Comment 1 Sandro Bonazzola 2015-10-30 13:27:58 UTC
Yaniv, maybe we should respin just ovirt-hosted-engine-ha including this fix in 3.6.0 GA. What do you think?

Comment 2 Red Hat Bugzilla Rules Engine 2015-10-30 13:28:04 UTC
This bug is marked for z-stream, yet the milestone is for a major version, therefore the milestone has been reset.
Please set the correct milestone or drop the z stream flag.

Comment 3 Yaniv Lavi 2015-11-01 11:24:58 UTC
Should work in upgrades from 3.5 to 3.6. If you lose HE, you lose the env.

Comment 4 Red Hat Bugzilla Rules Engine 2015-11-01 11:25:02 UTC
This bug is marked for z-stream, yet the milestone is for a major version, therefore the milestone has been reset.
Please set the correct milestone or drop the z stream flag.

Comment 5 Simone Tiraboschi 2015-11-02 08:31:35 UTC
*** Bug 1277013 has been marked as a duplicate of this bug. ***

Comment 6 Sandro Bonazzola 2015-11-02 10:41:17 UTC
Dropping dep on bug #1274622 since we can workaround it with External Bug ID: oVirt gerrit 47889. Moving it to See also.

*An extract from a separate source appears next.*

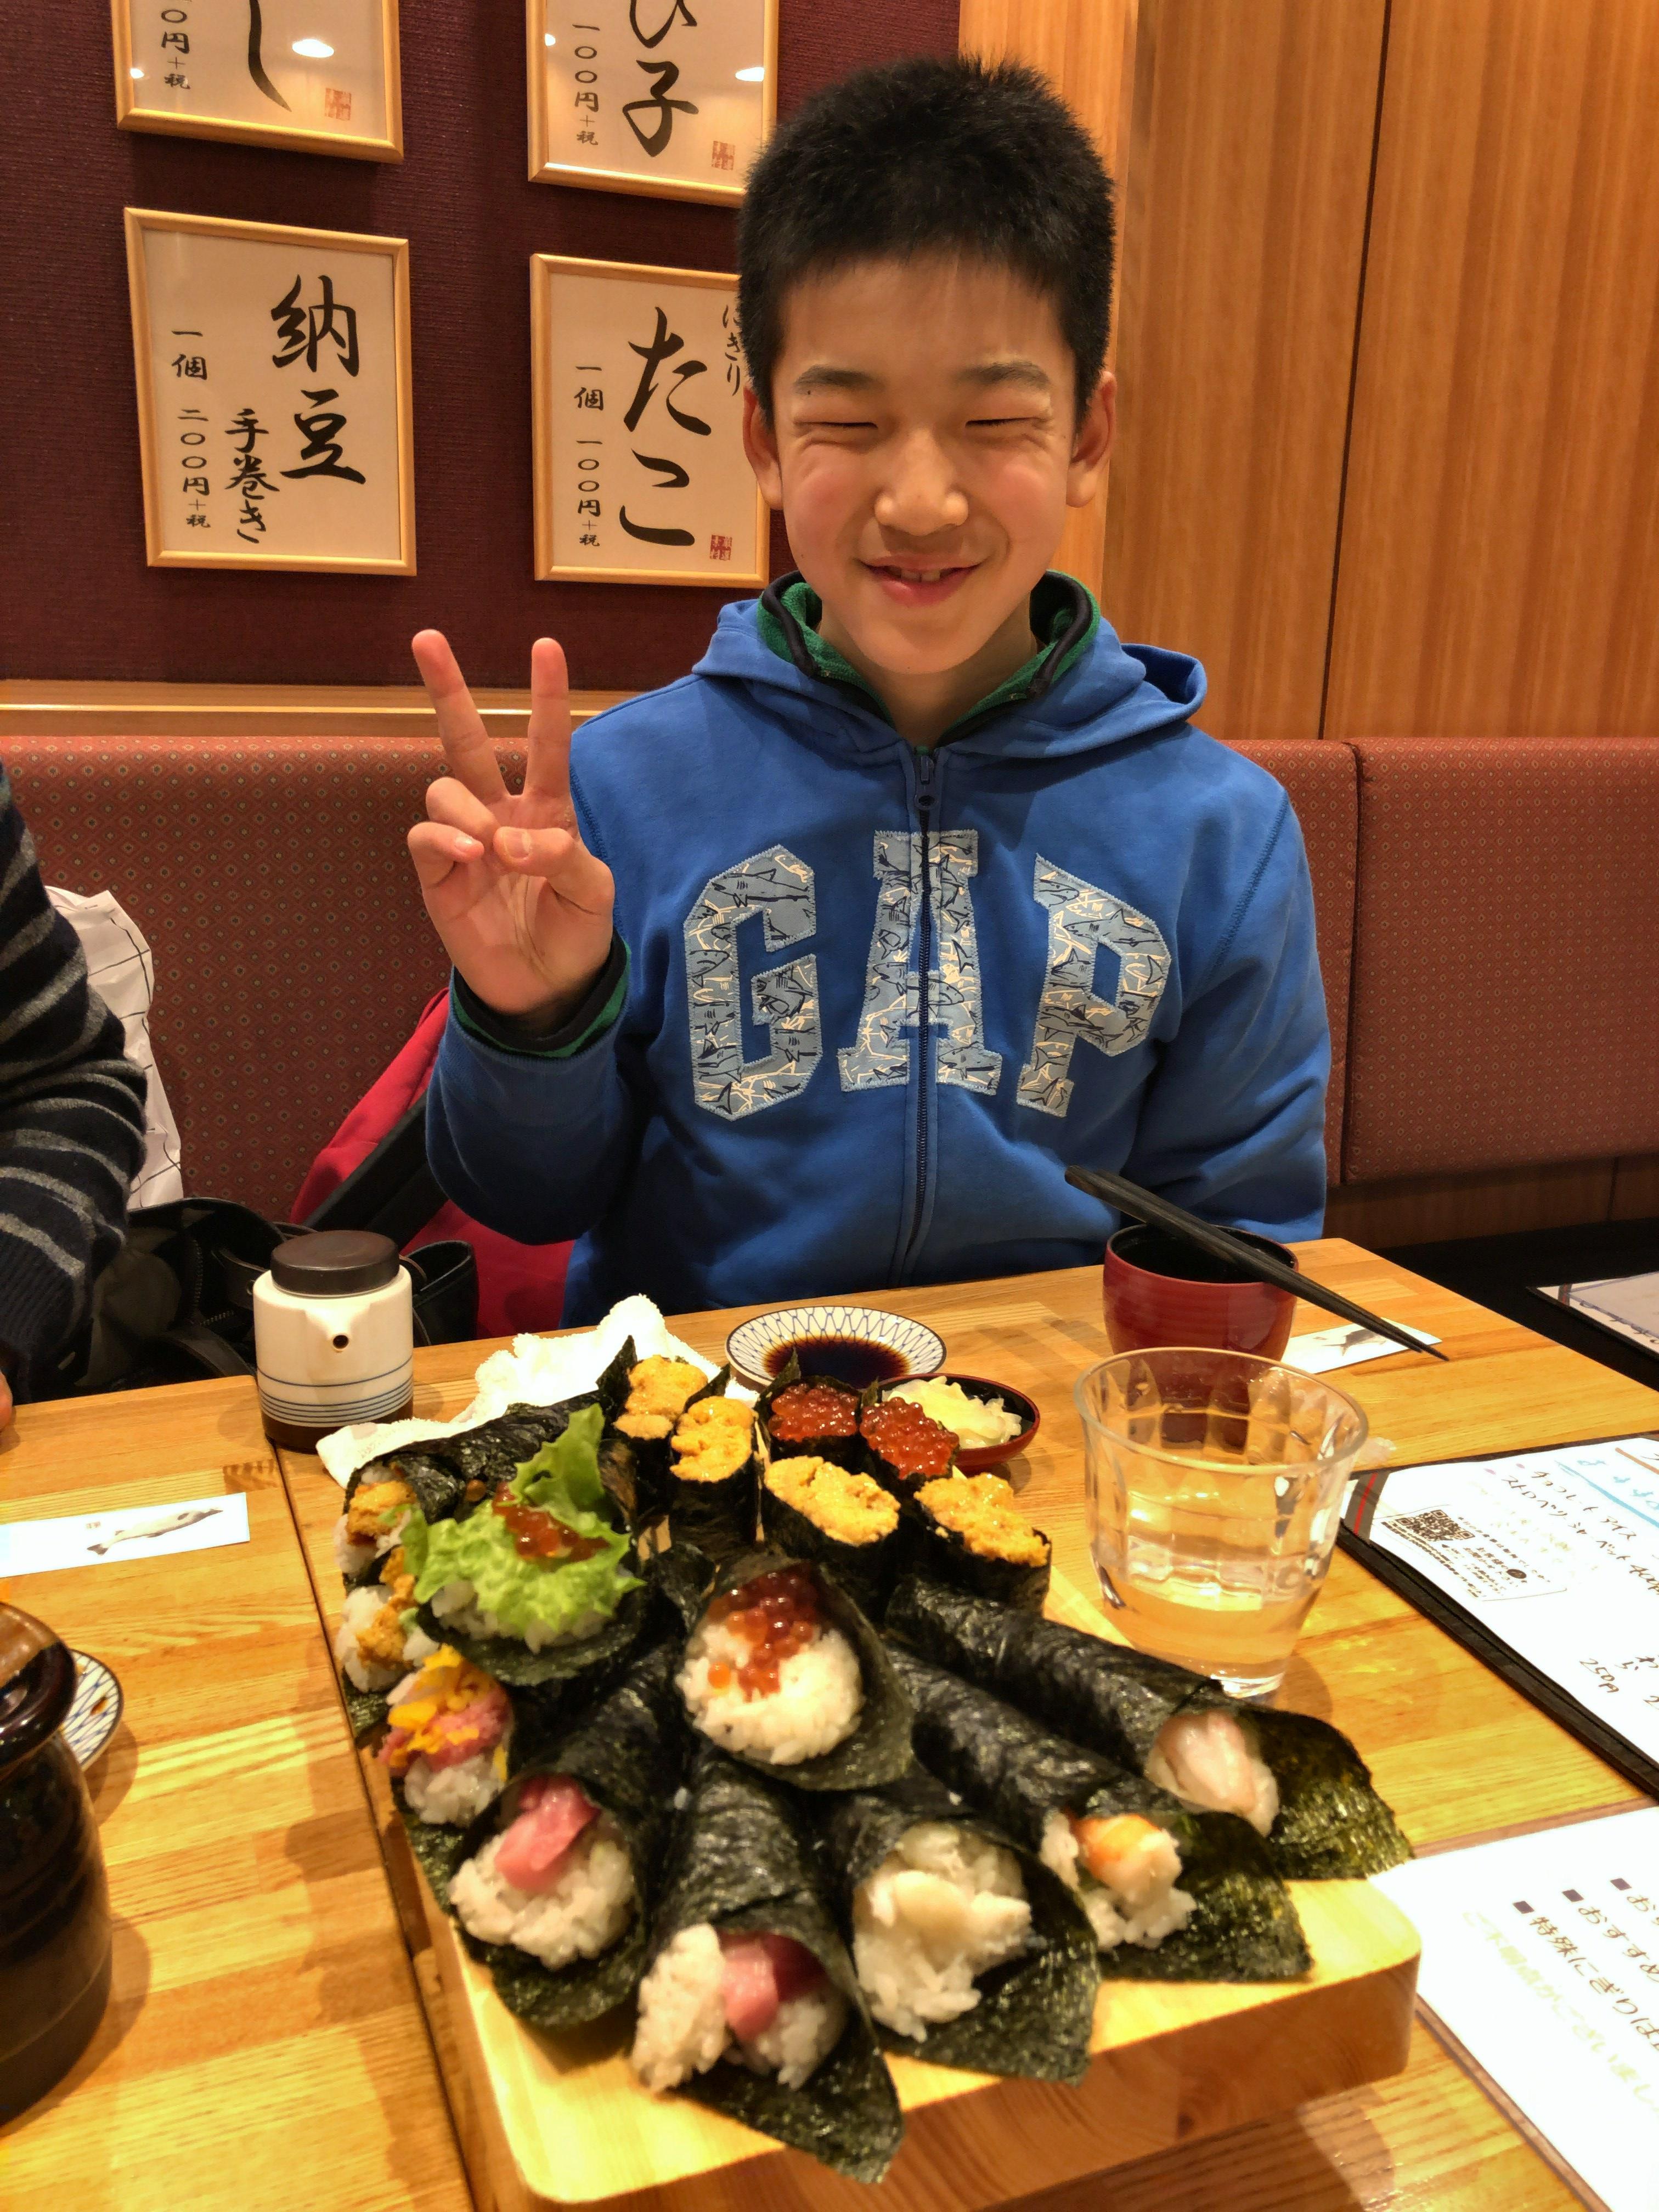 寿司と笑顔の子ども

Comment 7 Artyom 2015-12-01 16:23:44 UTC
Verified on ovirt-hosted-engine-ha-1.3.3-1.el7ev.noarch
1) Deploy hosted-engine 3.5 on two hosts and on NFS storage
2) Put first host to maintenance via webadmin
3) Upgrade packages and restart host(restart host W/A because bug https://bugzilla.redhat.com/show_bug.cgi?id=1282187)
4) Wait for correct status via hosted-engine --vm-status(can take around 5-7 minutes)
5) Activate host via webadmin
6) Put second host to maintenance(wait until all vms migrated and he vm migrate on first host)
7) Upgrade packages and restart second host
8) Wait for correct status via hosted-engine --vm-status(can take around 5-7 minutes)
9) Activate second host via webadmin
10) Put environment to global maintenance
11) Update rhevm-setup.noarch package on engine
12) Run engine-setup on vm and finish upgrade process
13) Disable global maintenance via webadmin

Comment 8 Sandro Bonazzola 2015-12-22 13:30:41 UTC
oVirt 3.6.0 has been released and the bz verified, moving to closed current release.